TL;DR: always think of the upper left pixel's position as (0.5, 0.5).
The position of the center of the pixel. That pixel goes from (0,0) to (1,1) and therefore the center is (0.5,0.5).
The image area goes from the upper left corner of the upper left pixel to the lower right corner of the lower right pixel.
The centers are shifted by half of a pixel versus a grid starting at 0 and ending at N-1.
When drawing a line you need to hit the center of the pixel you want to fill.
I have spotted similar bugs too which become evident very quickly when working with smaller resolutions and likewise with a smaller number of grayscales.
> We choose a H×W rectangular grid of points, from which we will draw samples.
An additional thing to keep in mind is how a camera capturing the image would be operating. It's not sampling in the true theoretical sense of picking points from a continuous signal. The pixels are of finite size, which makes the grid (2) as closer to the reality.

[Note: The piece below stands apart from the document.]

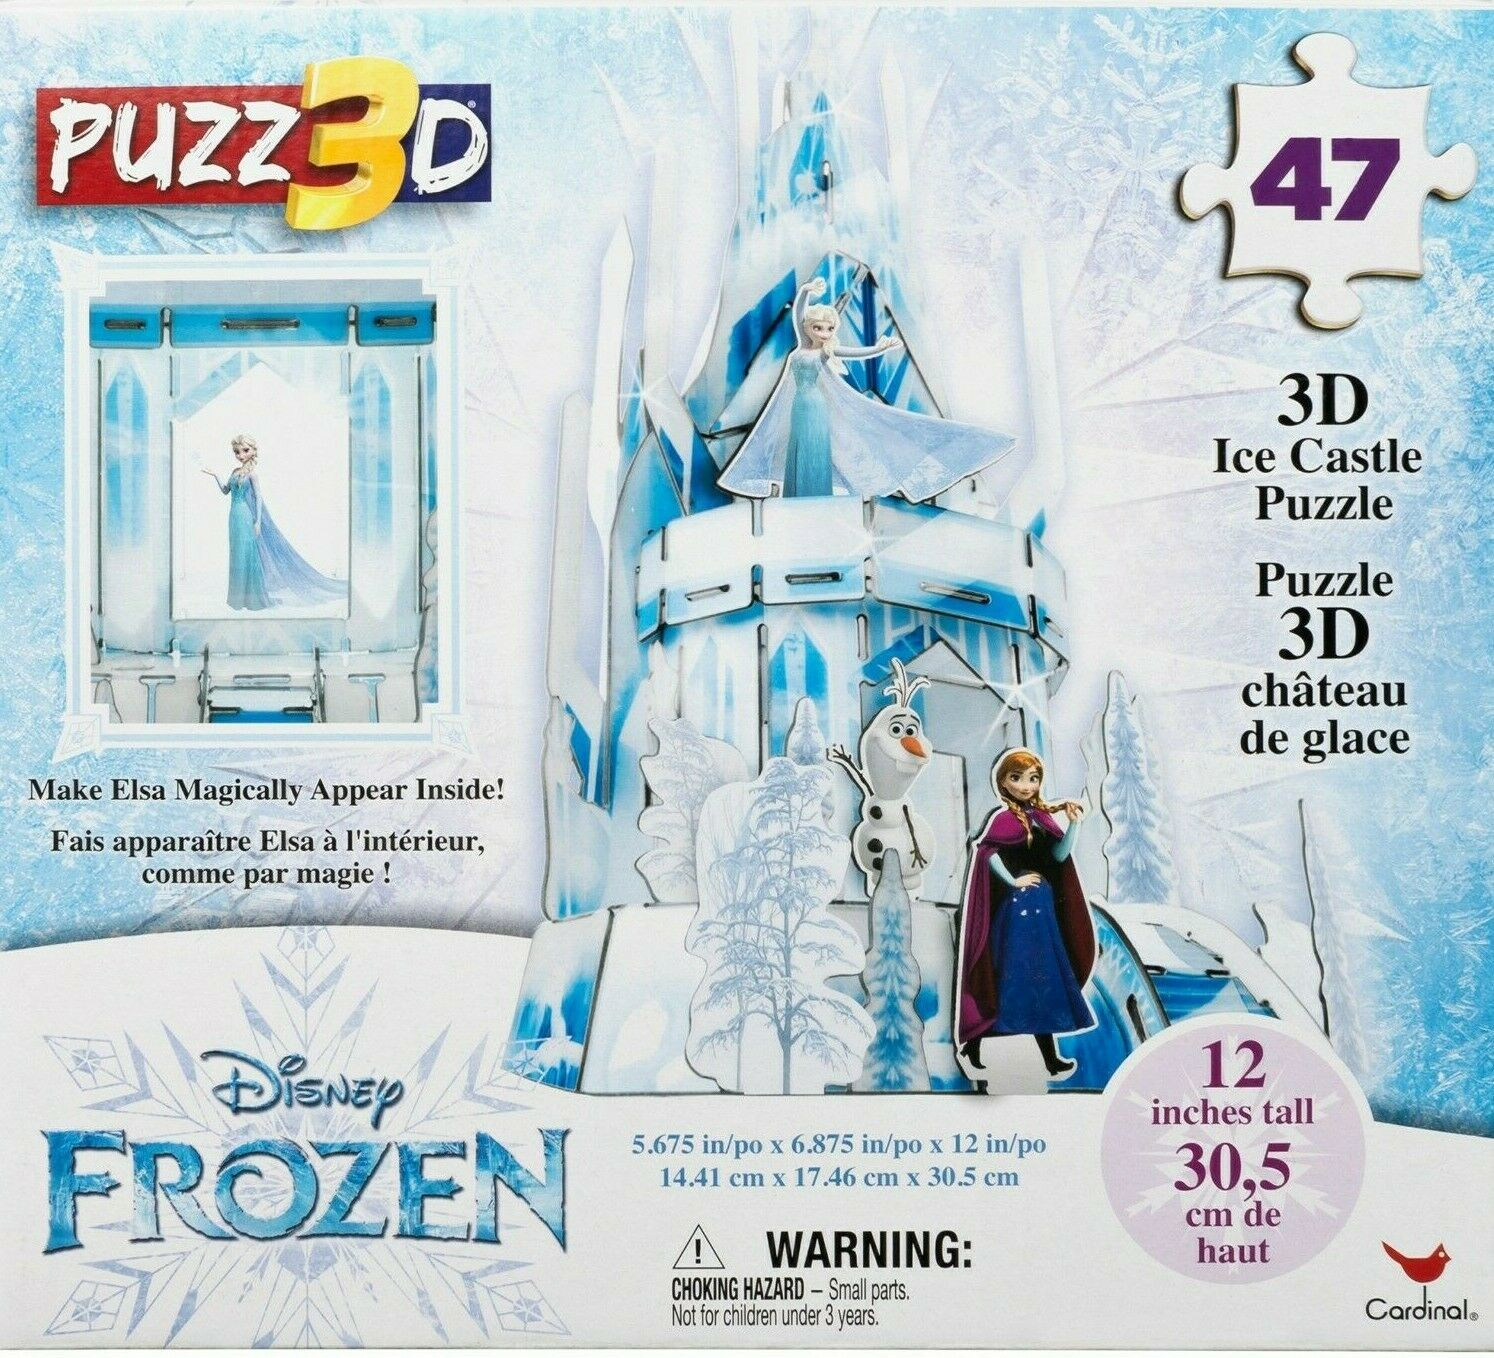 Frozen 3D Elsa Hologram Ice Castle Puzzle 47 Pieces 12 in Tall Ages 3+ - $18.05

There are additional complications for color images where the red, green and blue channels are integrating over different regions within the pixel area (see [A] for example). This makes the real grid as different from even (2) for different color channels. However, the math suggested by the author should not change still.
> It seems the mess is unique in the deep learning world.
The title, "Where Are Pixels? -- a Deep Learning Perspective", looks unjustified. What's presented is not a deep learning perspective. It applies generically.